|Location||Bungay, Suffolk, England (Google Maps)|
|Open for Visitors||Yes|
|Owned by||Bungay Castle Trust|
Bungay Castle is situated in the small town of Bungay on the border of Norfolk and Suffolk, strategically sitting on the bend of the River of Waveney. The castle was awarded to Roger Bigod, a Norman Knight by King Henry I in 1103 for his support in the Conquest of England, along with estates in East Anglia and Framlingham.
Bungay Castle was inherited by Roger’s son Hugh in 1120, where he became a magnetic leader to the local barons. However, when Henry II acceded to the throne in 1154, he deprived Hugh of his lands both in Bungay and Framlingham due to the various reckless decisions made by him. The properties were momentarily returned to Hugh by 1163 when he decided to construct the stone keep at the site.
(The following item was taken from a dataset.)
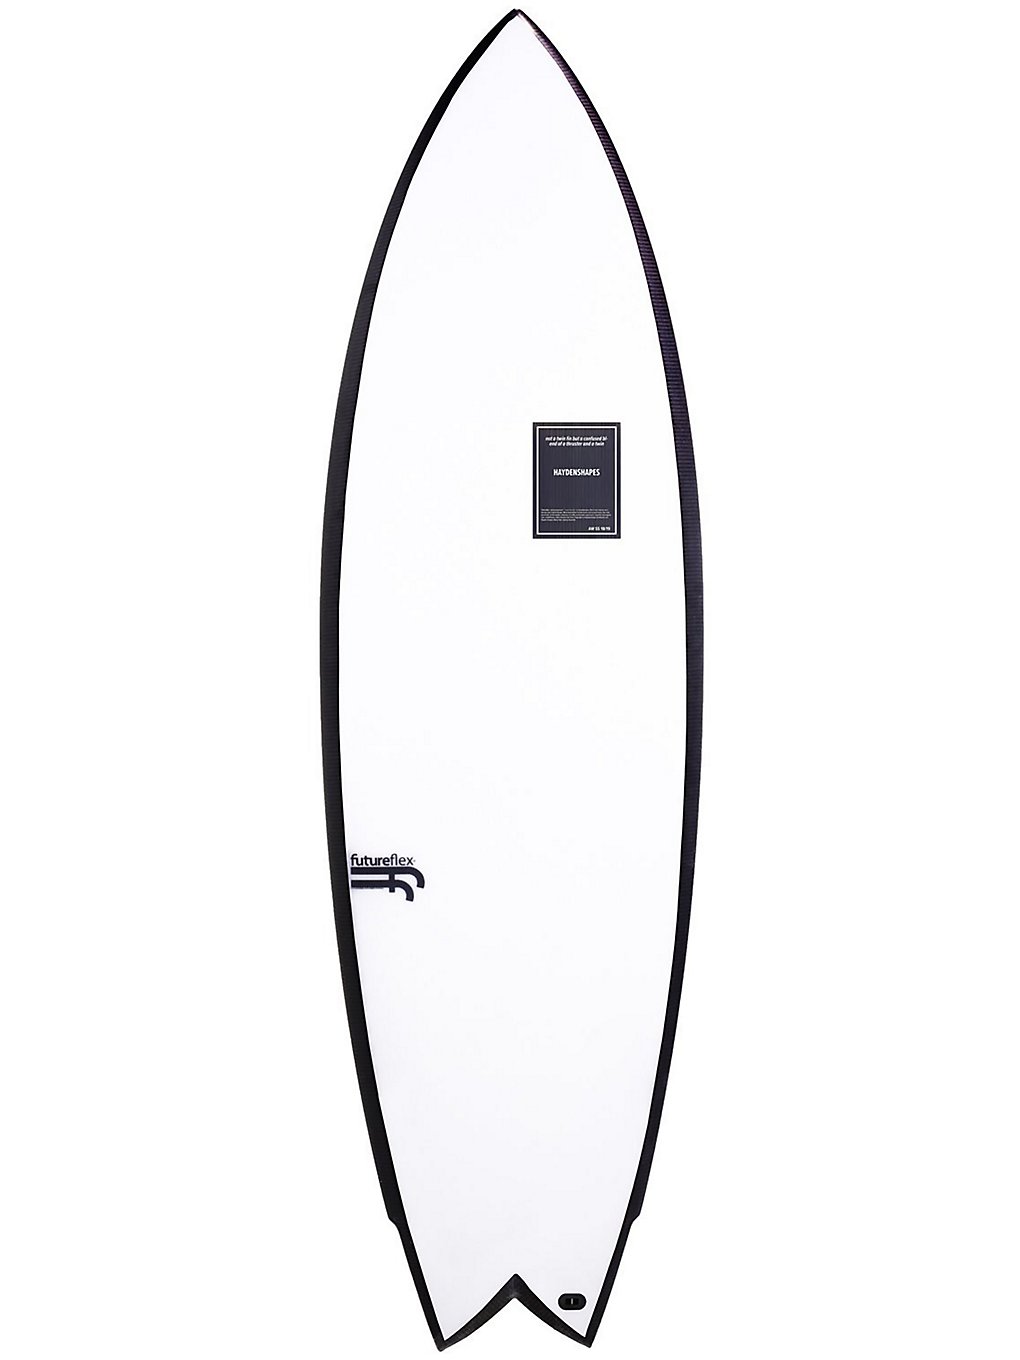 Haydenshapes Misc Future Flex Futures 5'6 Surfboard model logo
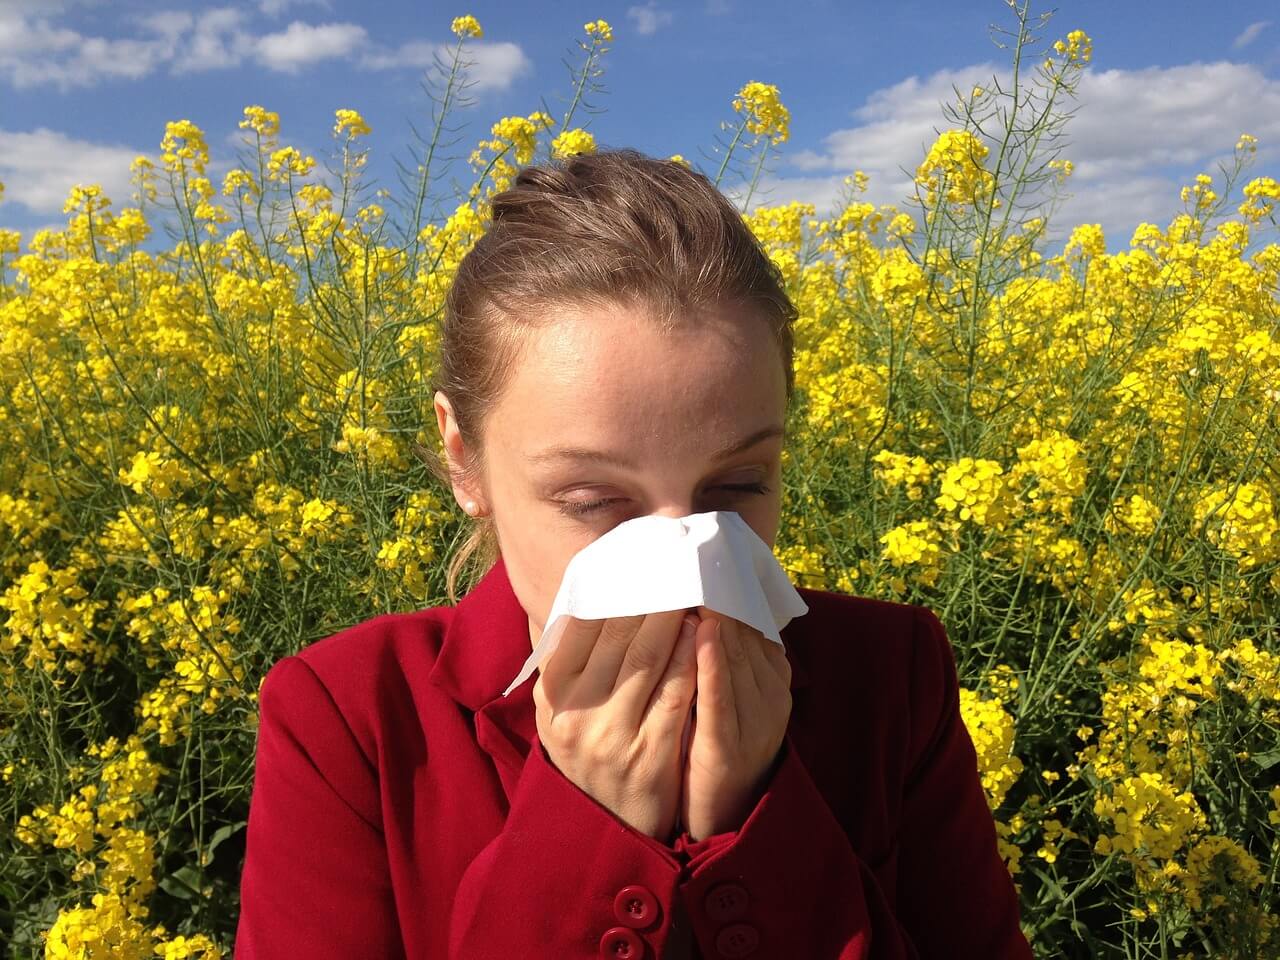 Astma, allergi eller angst?

Bestowed to the Bigod family, Bungay Castle was held by the Bigod family for nearly two centuries. Later, it was reverted to the Crown and went into disuse. However, in 1312 King Edward II presented the castle to his brother, Thomas Plantagenet, and it was eventually passed on to the Howard family, Duke of Norfolk, in 1483. The family then continued to hold the castle, excluding the brief periods until the 20th century. The castle was recorded as being ruinous in 1382, and over a long period of time, the site was used for building materials. In 1987, the castle was given to the town by the Duke of Norfolk with an endowment towards its preservation. It is now owned and managed by the Castle Trust.
Built as Norman motte-and-bailey castle, Bungay Castle was initially made of wood and earthworks. The site was then rebuilt in stone by Hugh Bigod during his reign. The castle was constructed with walls between 5–7 meters thick and standing more than 33 meters high. Hugh claimed that it was one of the most impregnable fortresses in the kingdom. The castle, however, remained unoccupied until 1269, when Roger Bigod II, the 5th Earl, inherited the title. He took the renovations further by adding a gatehouse and lofty curtain walls to encircle the original keep. After his death in 1297, Bungay Castle reverted to the Crown when it fell into disrepair, and by 1382 it was described as ‘old and ruinous.’
In 1483 when the castle became part of the Norfolk estate, it wasn’t cared for anymore and deteriorated further. In 1766, the ruined keep and curtain walling were utilized for road building materials. Later in 1934, Dr Leonard Cane became the Town Reeve of Bungay. He organized a programme of excavation and repair, rebuilding parts of the decayed walls and revealing many castle features hidden in the last centuries.
Frequently Asked Questions
What remains of Burgh Castle today?
Having a varied history, what we see today of Bungay Castle is an interesting site for visitors. Even though it is in ruins with only two towers as gatekeep and stone structures, the tourists love to visit the site for the interesting background of the castle.
Who built Bungay Castle?
Bungay Castle was constructed on a motte and bailey structure by Roger Bigod in the 12th century. Later the castle was modified by his son Hugh Bigod and certain portions of the castle were added to the existing structure.
Who owns Bungay Castle?
Bungay Castle was previously owned by the Duke of Norfolk, who then presented it to the town in 1987. Bungay Castle is presently owned and administered by Bungay Castle Trust.